Richard French leads the business development and strategy for Rocket Lab and had worked at JPL, NASA's JPL, for over 10 years.
He also spent time at NASA headquarters working on technology applications and development. And his personal experience ranges from spacecraft like S-MAP
to maybe perhaps more relevantly for our discussion today,
missions like the Mars Curiosity Rover landing system.
He joins us now.
Richard French, welcome to the Space Policy Edition.
Nice meeting you, Casey.
Thanks for having me.
So let's jump right into it.
Rocket Lab proposed a concept for Mars
sample return in response to NASA's bigger re-envisioning of its architecture.
NASA did not select or even really, they didn't say any particular commercial
company but they really seemed to focus on two potential paths forward of which
it didn't seem like the Rocket Lab proposal was one of them. In response I've
actually found it very refreshingly transparent to see how
your company has said, well, we had an idea too,
and we want to have it considered more broadly.
What is that idea?
Yeah, thanks. Yeah, our MSR architecture and our website has a nice overview of this.
You can see some good graphics has three main elements, three launches in fact.
We have a Mars Telecommunications Orbiter,
which has allowed us to take some of
the requirements that were on the ERO for
relay and put that into a dedicated asset that will
provide capability beyond the MSR mission.
In fact, it decouples that launch from
the rest of the architecture,
which helps as well. The sample return lander launch is very similar to NASA. It's got a
sample arm, it's got a MAV, and then the Earth return orbiter is the third launch, and that
has the RPO kit, the caching, the capture and retrieval system, as well as an Earth entry system.

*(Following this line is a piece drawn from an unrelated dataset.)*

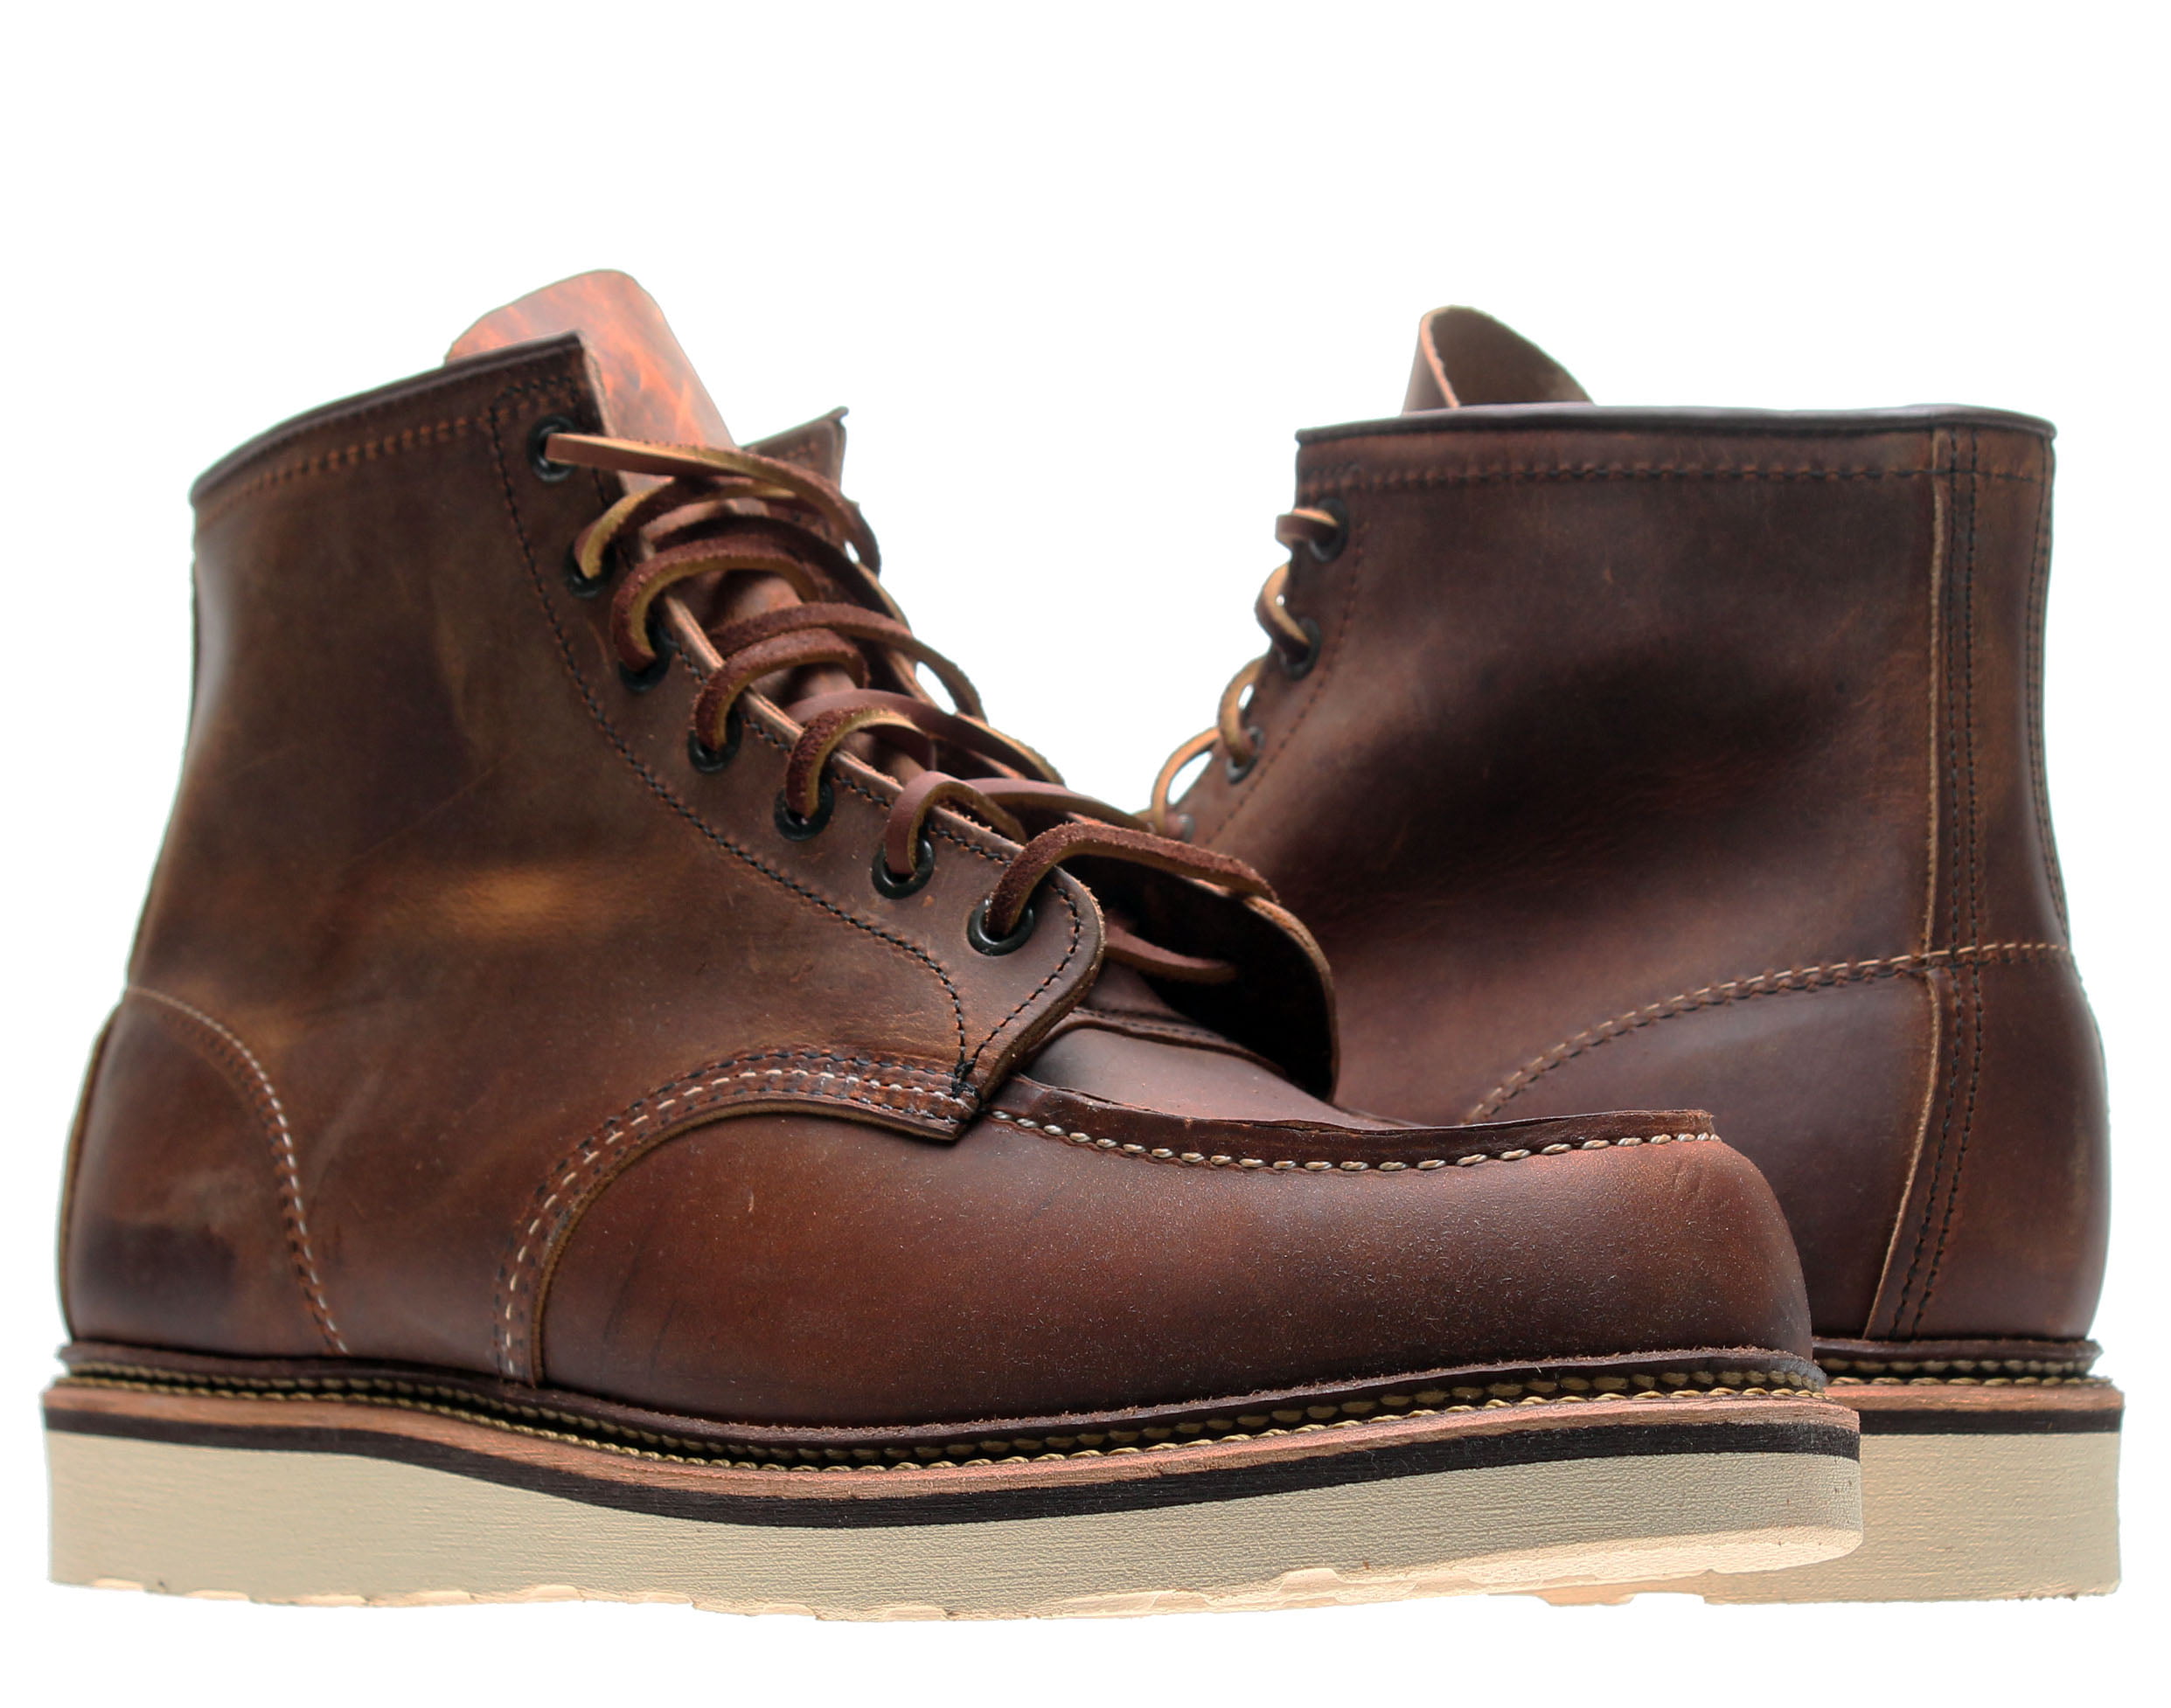 197 red wing

And so at the architecture level,
aside from our breaking out the Mars Telecommunications
Orbiter as a way to simplify the architecture,
but also add more value to the Mars program in general,
it looks a lot like the NASA at that kind of high level spider
chart view of the mission.
Maybe just for our listeners, what
is distinct? So you mentioned the Mars telecom orbiter. I think that was,
telecom was originally envisioned to be provided by the European return orbiter
that was going to be there first, just temporarily, and then it would leave. What
makes this distinct in a way that you think is important for mission success
and also cost? Yeah, so zooming in just one level down, it starts to look very
different.
So the biggest difference is that it's a single commercial
led implementation.
It's got key NASA collaboration, however,
and we'll come back to that.
But having a single organization,
a commercial organization lead that implementation
with some of the characteristics that we have is really key,
not just for achieving the technical, but
also achieving the cost and schedule.
EDL is a difference.
It depends on kind of what baseline you're comparing against, right?

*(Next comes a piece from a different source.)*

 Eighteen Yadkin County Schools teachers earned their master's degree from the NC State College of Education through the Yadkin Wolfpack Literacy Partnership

Let's say we kind of have this moving baseline, but...
Let's say that what became the $11 billion concept, the one that we were kind of working
with for the last few years.
Yeah, where everyone was kind of designing against, exactly.

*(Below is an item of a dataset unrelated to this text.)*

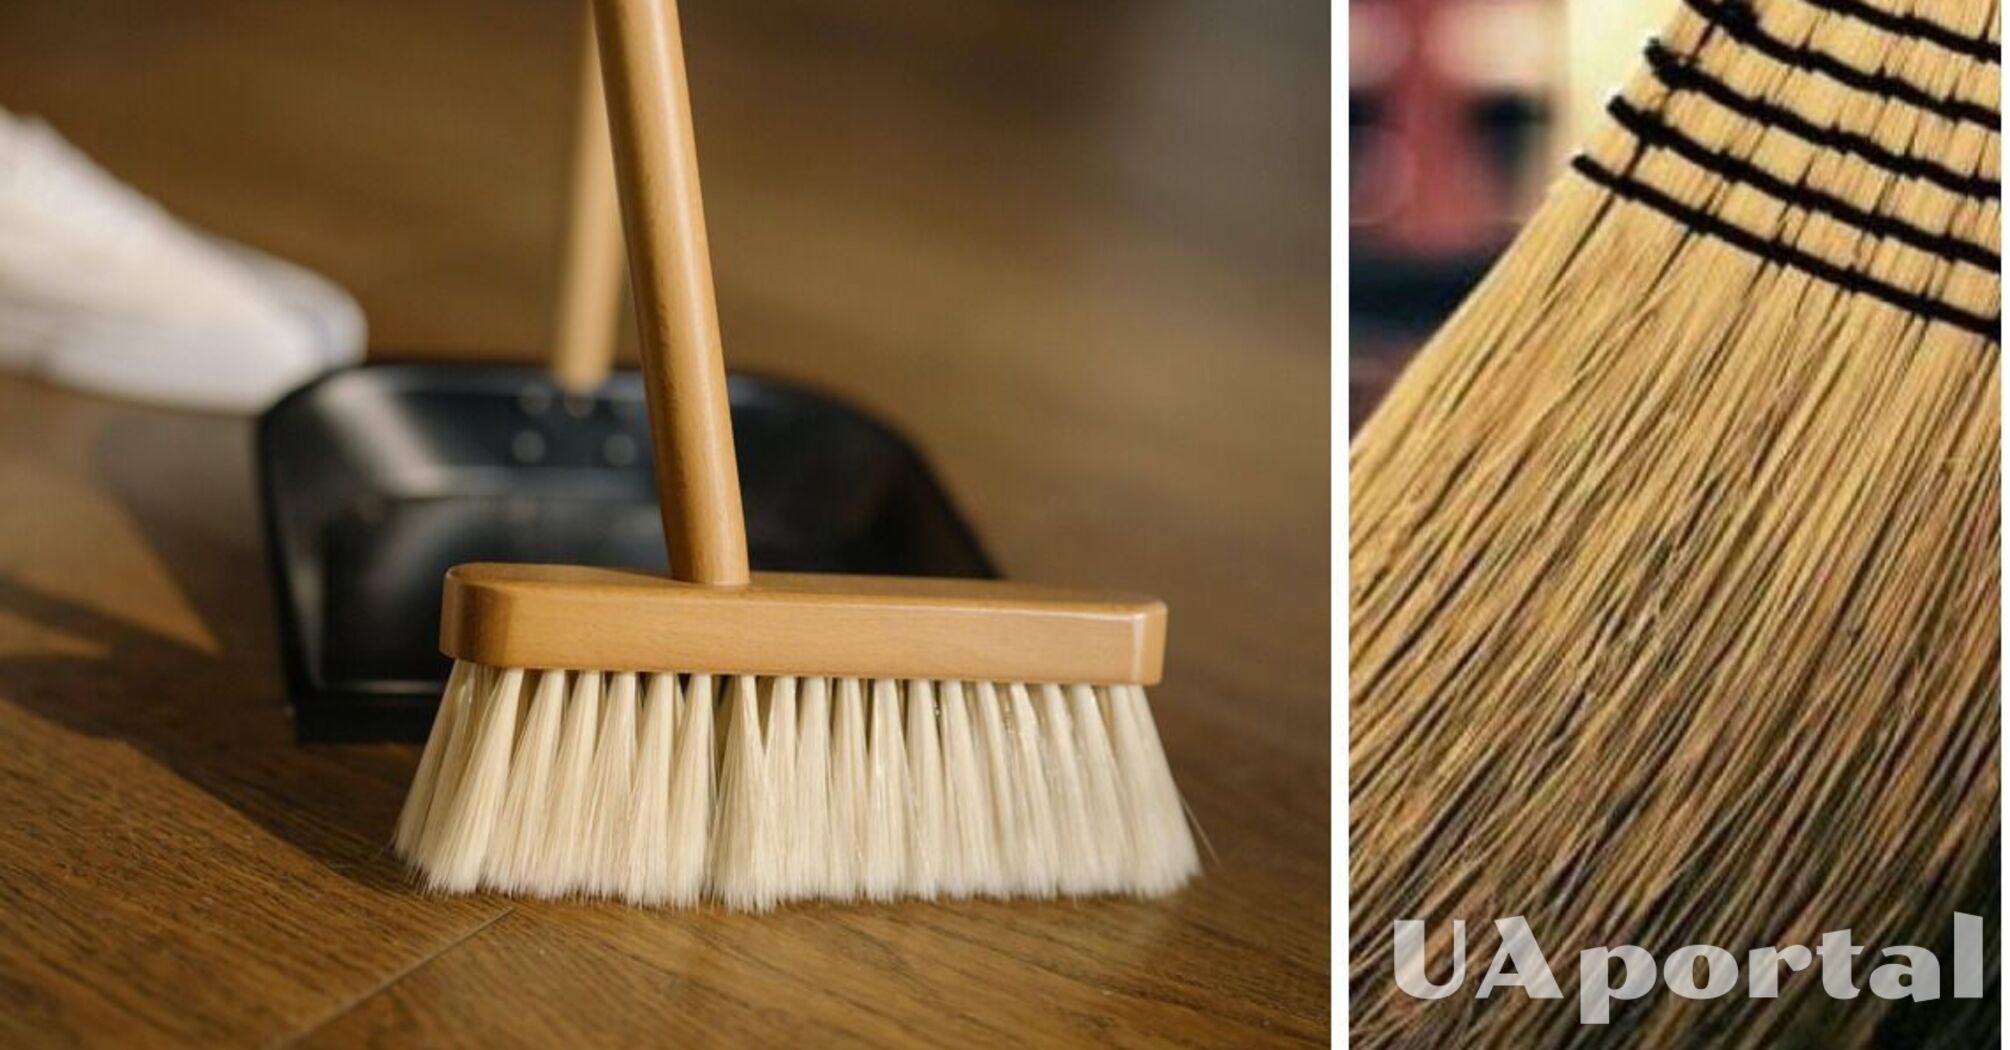 How to properly clean the house with a broom so as not to drive away happiness

So what we decided is we wanted to fit within the Perseverance AeroShell and Heritage EDL
system.
And so that's what we constrained our landed system to fit within.
So we use the Heritage Perseverance AeroShell and the Heritage TPS, and that also allows
us because of our mass not to exceed to fit within the Heritage
parachute.
Innovative MAV, we have a single-stage-to-orbit Mars Ascent Vehicle with a very simple launch
sequence that eliminates the complex ejection system that we see with the NASA solid system.
The engine on that MAV is also a common engine with the ERO.
We love liquid propellant and liquid propulsion at Rocket Lab.
And in fact, that engine is evolved from our heritage
Rutherford that flies on Electron.
And so that common engine across the ERO and the MAV
is an important feature.
And just generally using chemical propulsion.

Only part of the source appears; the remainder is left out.